Structured Logging with Correlation IDs
// Every log line includes a correlation ID that spans the full request lifecycle
import crypto from 'node:crypto';
class Logger {
#context;
constructor(context = {}) {
this.#context = context;
}
child(context) {
return new Logger({ ...this.#context, ...context });
}
#log(level, message, extra = {}) {
process.stdout.write(JSON.stringify({
timestamp: new Date().toISOString(),
level,
message,
...this.#context,
...extra,
}) + '\n');
}
info(msg, extra) { this.#log('info', msg, extra); }
warn(msg, extra) { this.#log('warn', msg, extra); }
error(msg, extra) { this.#log('error', msg, extra); }
}
const rootLogger = new Logger({ service: 'mcp-server', version: '1.0.0' });
// Per-request logger with correlation ID
app.use((req, res, next) => {
const requestId = req.headers['x-request-id'] ?? crypto.randomUUID();
req.log = rootLogger.child({ requestId, path: req.path, method: req.method });
res.setHeader('x-request-id', requestId);
req.log.info('Request received');
next();
});
Plain console logs are hard to grep at volume and impossible to stitch across services. JSON lines with a stable requestId let you jump from one error line to the full story in log aggregators and prove which user or agent session triggered a spike in tool errors.
Prometheus Metrics
npm install prom-client
import { Registry, Counter, Histogram, Gauge } from 'prom-client';
const registry = new Registry();
// Tool call metrics
const toolCallTotal = new Counter({
name: 'mcp_tool_calls_total',
help: 'Total number of MCP tool calls',
labelNames: ['tool_name', 'status'],
registers: [registry],
});
const toolCallDuration = new Histogram({
name: 'mcp_tool_call_duration_seconds',
help: 'Duration of MCP tool calls in seconds',
labelNames: ['tool_name'],
buckets: [0.01, 0.05, 0.1, 0.5, 1, 5, 10, 30],
registers: [registry],
});
const activeSessions = new Gauge({
name: 'mcp_active_sessions',
help: 'Number of active MCP sessions',
registers: [registry],
});
const llmTokensTotal = new Counter({
name: 'mcp_llm_tokens_total',
help: 'Total LLM tokens consumed',
labelNames: ['provider', 'model', 'type'],
registers: [registry],
});
// Expose /metrics endpoint for Prometheus scraping
app.get('/metrics', async (req, res) => {
res.setHeader('Content-Type', registry.contentType);
res.end(await registry.metrics());
});
// Instrument tool calls
function instrumentedToolCall(name, handler) {
return async (args, context) => {
const end = toolCallDuration.startTimer({ tool_name: name });
try {
const result = await handler(args, context);
const status = result?.isError ? 'error' : 'success';
toolCallTotal.inc({ tool_name: name, status });
return result;
} catch (err) {
toolCallTotal.inc({ tool_name: name, status: 'exception' });
throw err;
} finally {
end();
}
};
}
Counters and histograms turn noisy tool traffic into SLO-friendly views: which tools fail, how slow p95 is, and whether sessions or token burn are climbing. In a real project, you would wrap each registered tool with instrumentedToolCall (or equivalent) so every path records latency and outcome without hand-maintained log parsing.

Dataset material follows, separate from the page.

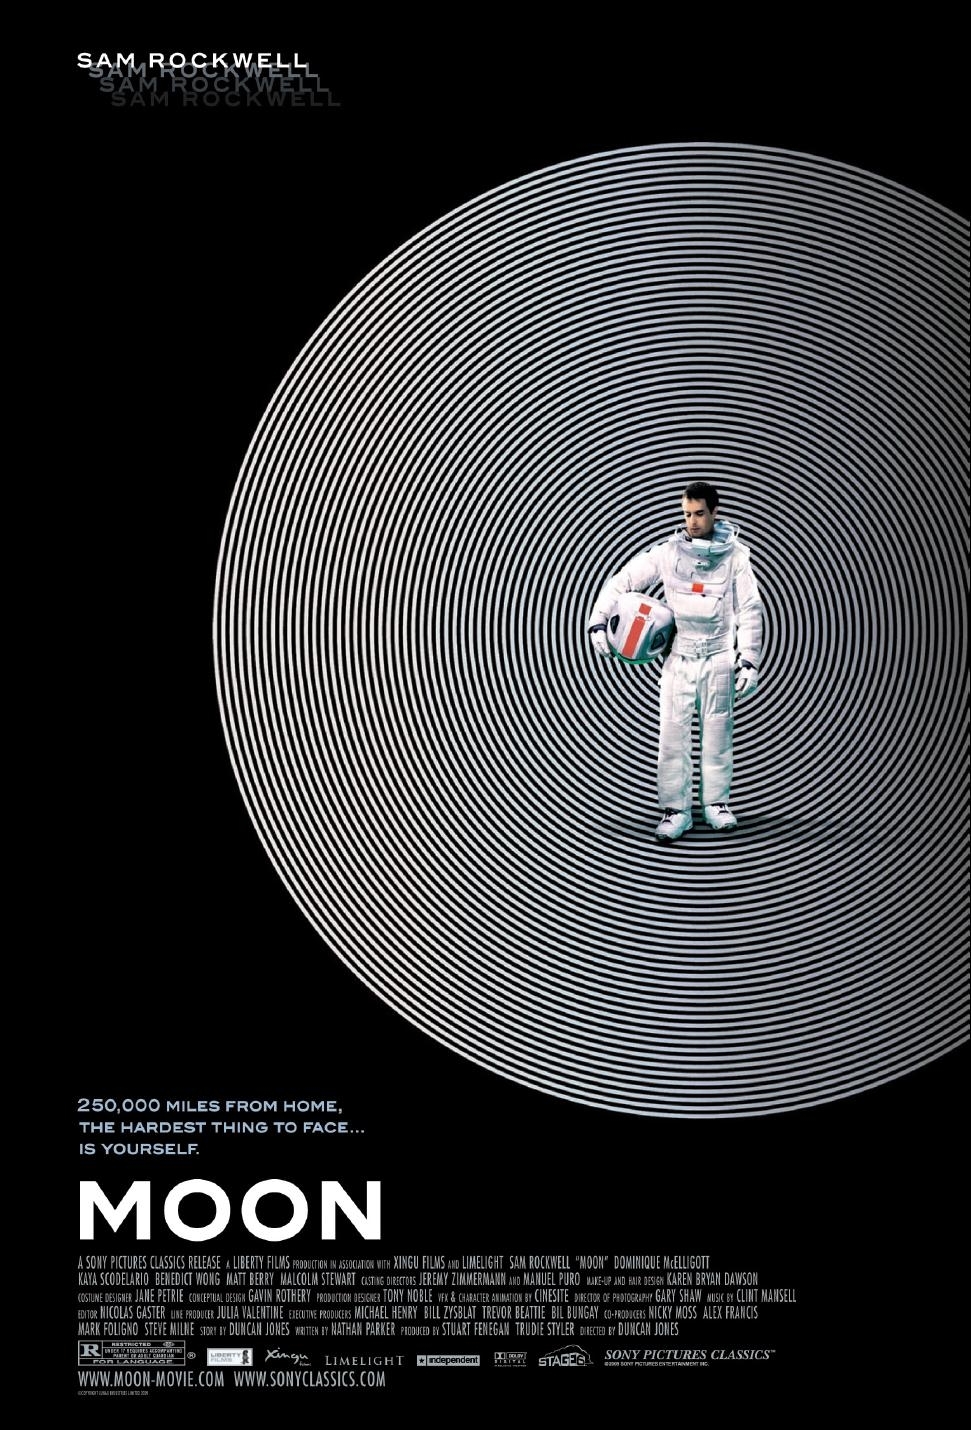 Moon (2009) ★★★★☆

OpenTelemetry Distributed Tracing
npm install @opentelemetry/sdk-node @opentelemetry/auto-instrumentations-node \
@opentelemetry/exporter-trace-otlp-http
// tracing.js - Load this BEFORE any other imports
import { NodeSDK } from '@opentelemetry/sdk-node';
import { OTLPTraceExporter } from '@opentelemetry/exporter-trace-otlp-http';
import { getNodeAutoInstrumentations } from '@opentelemetry/auto-instrumentations-node';
const sdk = new NodeSDK({
traceExporter: new OTLPTraceExporter({
url: process.env.OTEL_EXPORTER_OTLP_ENDPOINT ?? 'http://localhost:4318/v1/traces',
}),
instrumentations: [getNodeAutoInstrumentations()],
serviceName: 'mcp-server',
serviceVersion: process.env.npm_package_version,
});
sdk.start();
process.on('SIGTERM', () => sdk.shutdown());
Auto-instrumentation captures HTTP and many libraries with little code, but the SDK must start before other modules load or spans will be incomplete. Point OTEL_EXPORTER_OTLP_ENDPOINT at your collector (Grafana Agent, Datadog Agent, vendor OTLP ingress) so traces leave the pod with the same labels you use for metrics.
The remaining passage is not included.